> Task item
Should a picture appear anywhere in the data, omit it and copy everything else exactly.

> Data excerpt
++++

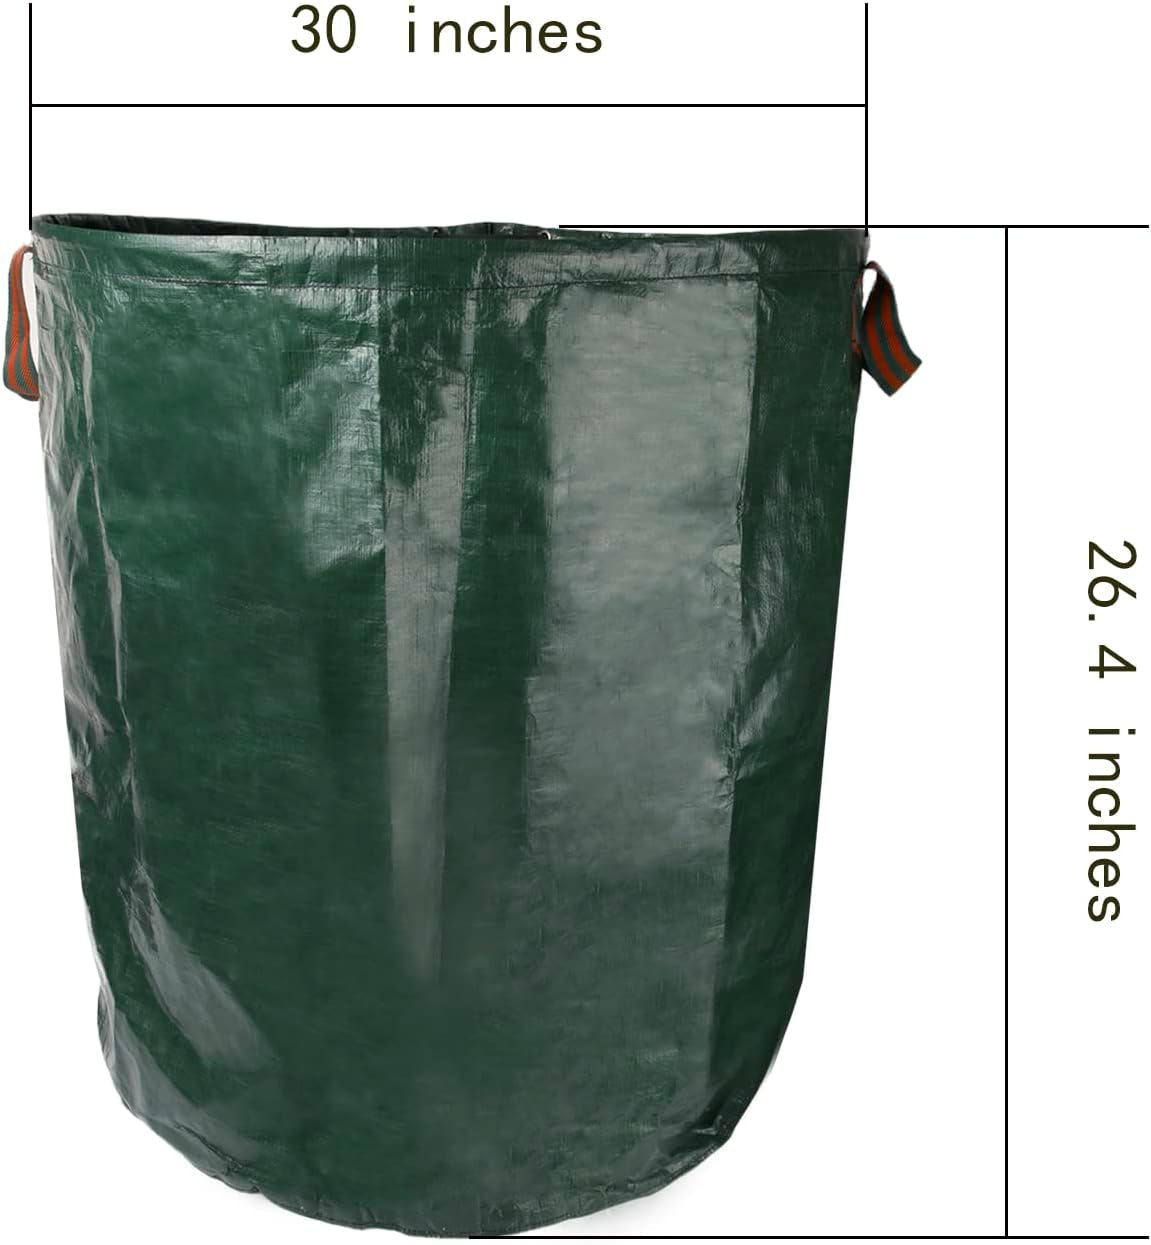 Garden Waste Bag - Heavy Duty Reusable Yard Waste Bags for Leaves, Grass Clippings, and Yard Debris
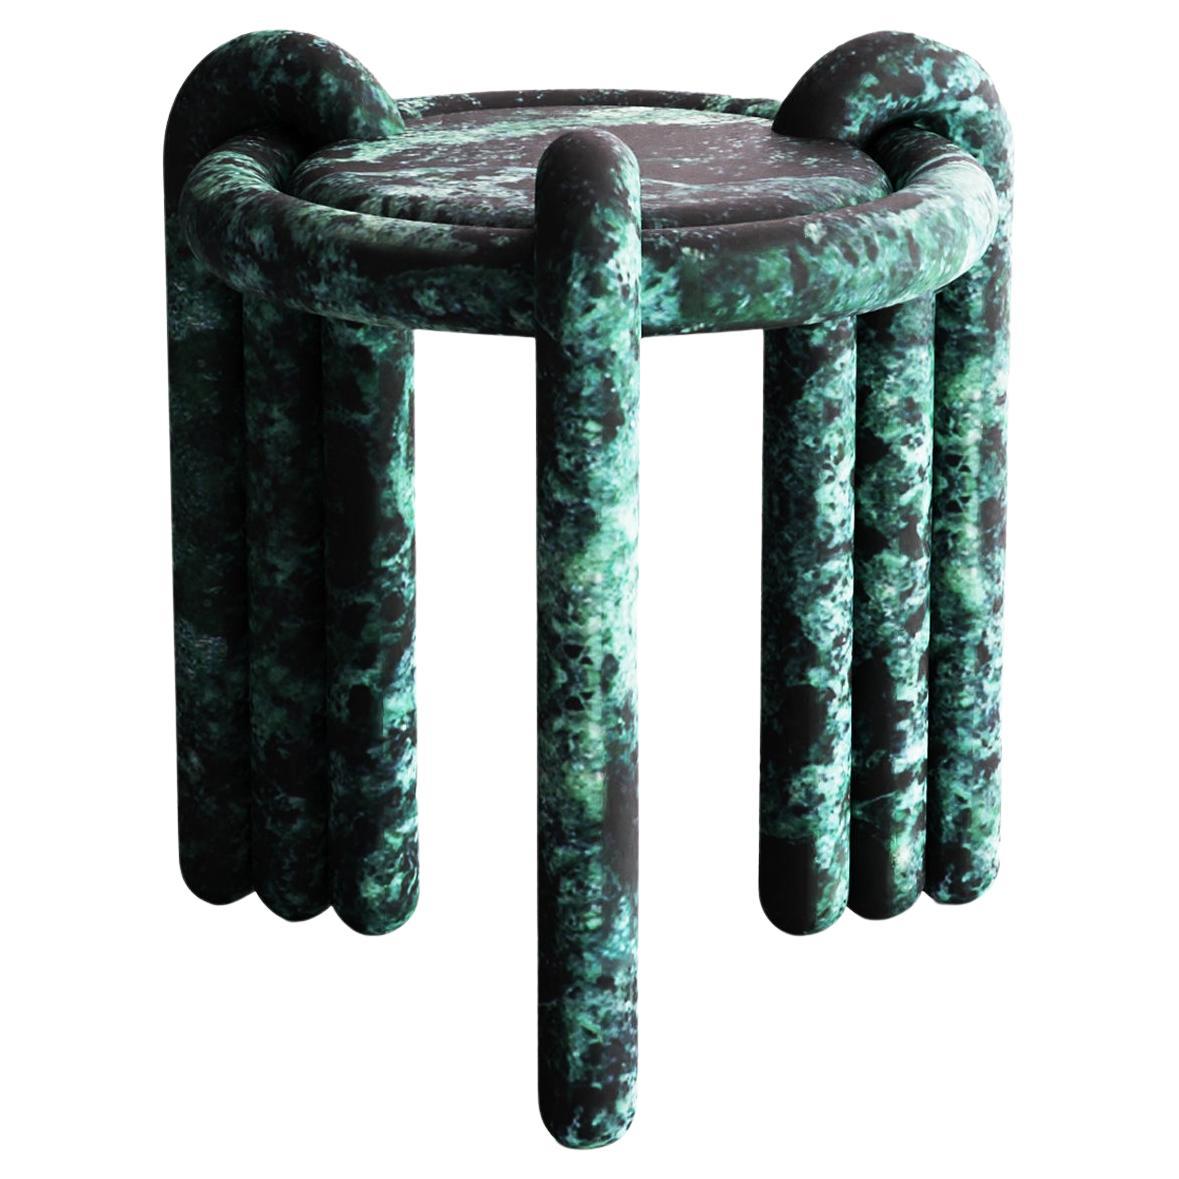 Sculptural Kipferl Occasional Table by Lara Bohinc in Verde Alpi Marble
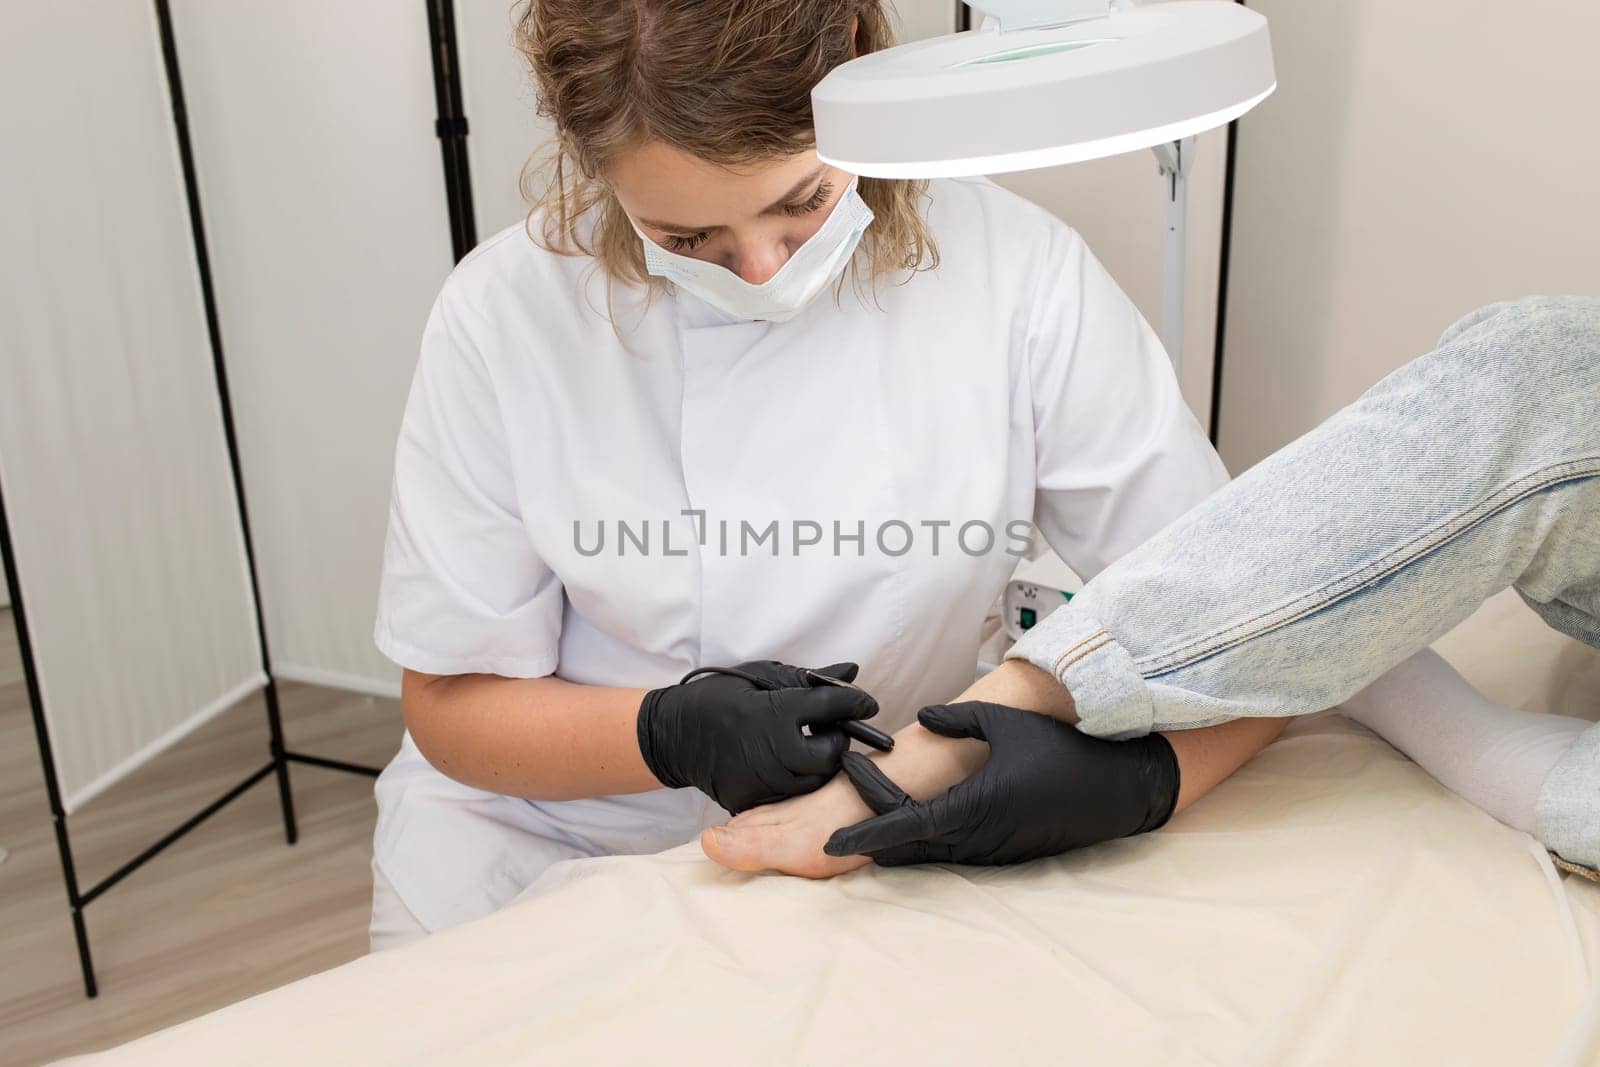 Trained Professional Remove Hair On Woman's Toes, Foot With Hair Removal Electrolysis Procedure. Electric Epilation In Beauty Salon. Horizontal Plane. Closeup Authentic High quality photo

++++

> Result of this task
 Garden Waste Bag - Heavy Duty Reusable Yard Waste Bags for Leaves, Grass Clippings, and Yard Debris
 Sculptural Kipferl Occasional Table by Lara Bohinc in Verde Alpi Marble
 Trained Professional Remove Hair On Woman's Toes, Foot With Hair Removal Electrolysis Procedure. Electric Epilation In Beauty Salon. Horizontal Plane. Closeup Authentic High quality photo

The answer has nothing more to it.